Hash tables are the imperative cousin of maps. We walked over a basic hash table implementation in Chapter 8, Imperative Programming 1, so in this section we’ll mostly discuss the pragmatics of Core’s `Hashtbl` module. We’ll cover this material more briefly than we did with maps because many of the concepts are shared.

Hash tables differ from maps in a few key ways. First, hash tables are mutable, meaning that adding a key/value pair to a hash table modifies the table, rather than creating a new table with the binding added. Second, hash tables generally have better time-complexity than maps, providing constant-time lookup and modifications, as opposed to logarithmic for maps. And finally, just as maps depend on having a comparison function for creating the ordered binary tree that underlies a map, hash tables depend on having a hash function, i.e., a function for converting a key to an integer.

### Time Complexity of Hash Tables

The statement that hash tables provide constant-time access hides some complexities. First of all, any hash table implementation, OCaml’s included, needs to resize the table when it gets too full. A resize requires allocating a new backing array for the hash table and copying over all entries, and so it is quite an expensive operation. That means adding a new element to the table is only amortized constant, which is to say, it’s constant on average over a long sequence of operations, but some of the individual operations can cost more.

Another hidden cost of hash tables has to do with the hash function you use. If you end up with a pathologically bad hash function that hashes all of your data to the same number, then all of your insertions will hash to the same underlying bucket, meaning you no longer get constant-time access at all. `Base`’s hash table implementation uses binary trees for the hash-buckets, so this case only leads to logarithmic time, rather than linear for a traditional implementation.

The logarithmic behavior of Base’s hash tables in the presence of hash collisions also helps protect against some denial-of-service attacks.
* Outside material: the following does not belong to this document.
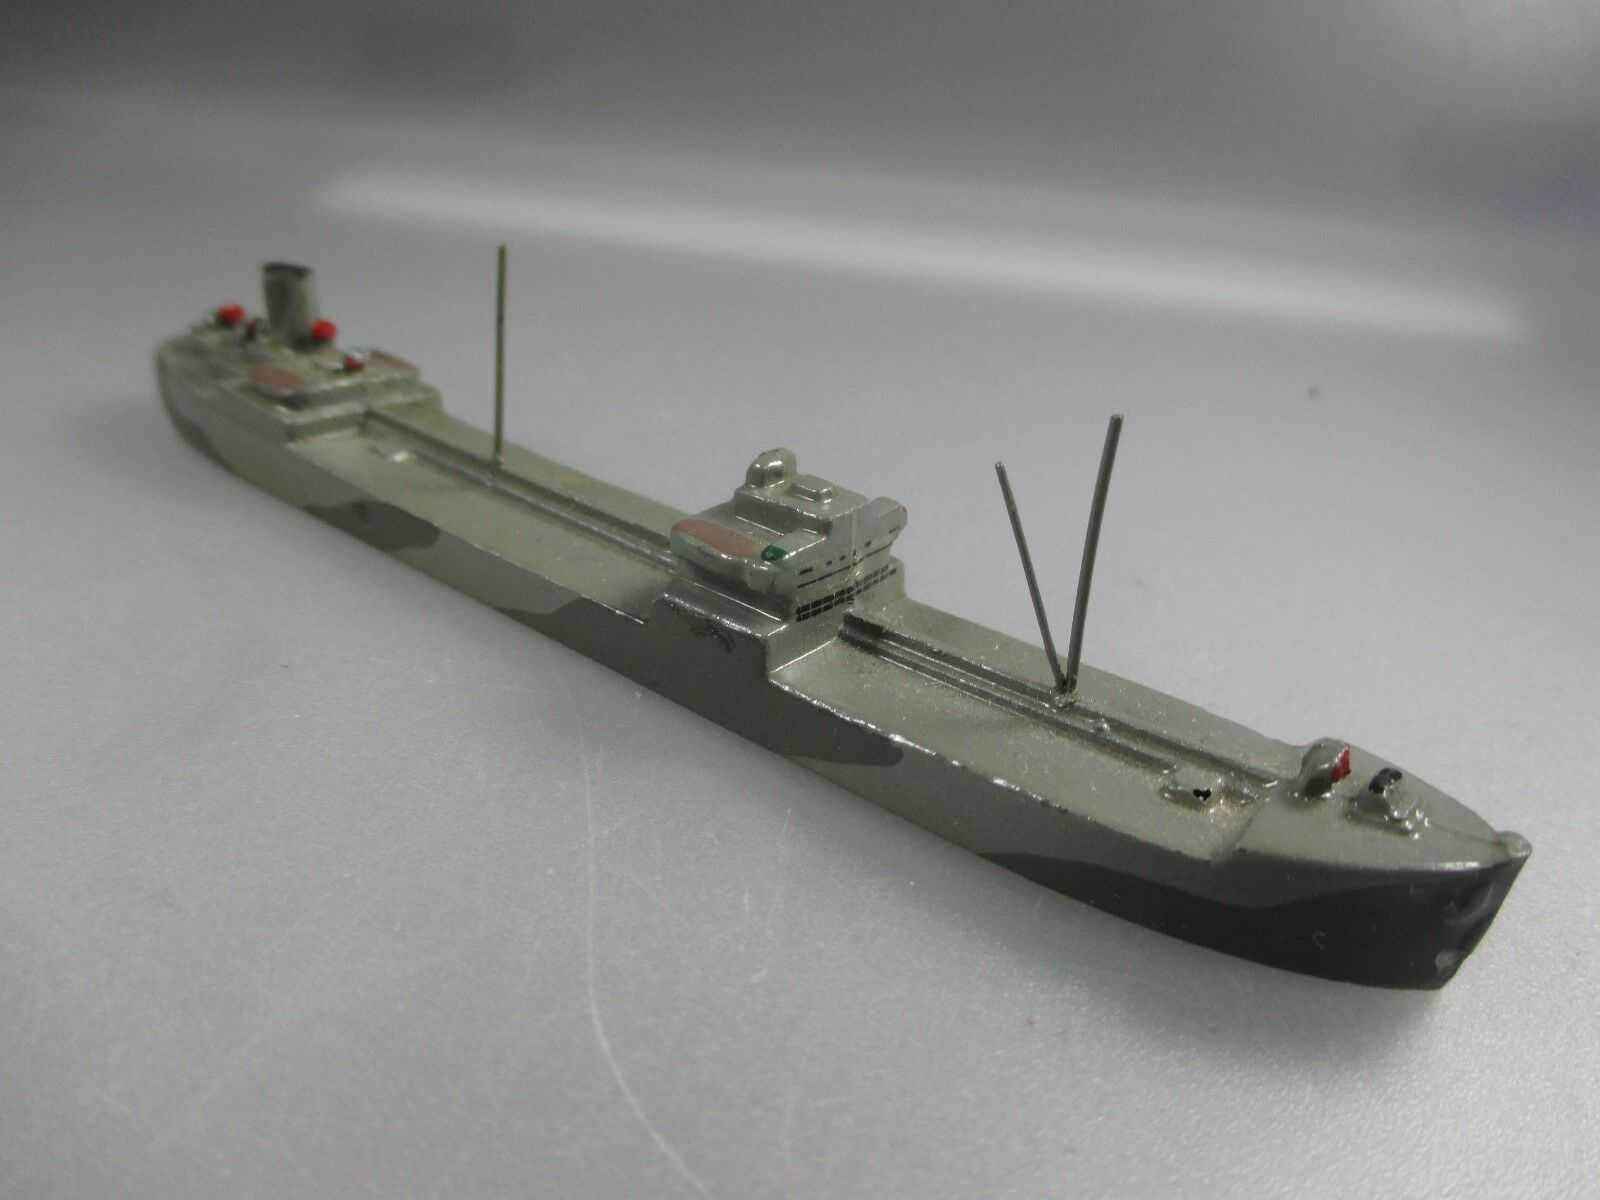 Wiking   Modèle  de Bateau   Franz Klasen   Leichtlegiecourirg Camouflage Wolkig  meilleurs prix

One well-known type of attack is to send queries to a service with carefully chosen keys to cause many collisions. This, in combination with the linear behavior of most hashtables, can cause the service to become unresponsive due to high CPU load. Base’s hash tables would be much less susceptible to such an attack because the amount of degradation would be far less.

We create a hashtable in a way that’s similar to how we create maps, by providing a first-class module from which the required operations for building a hashtable can be obtained.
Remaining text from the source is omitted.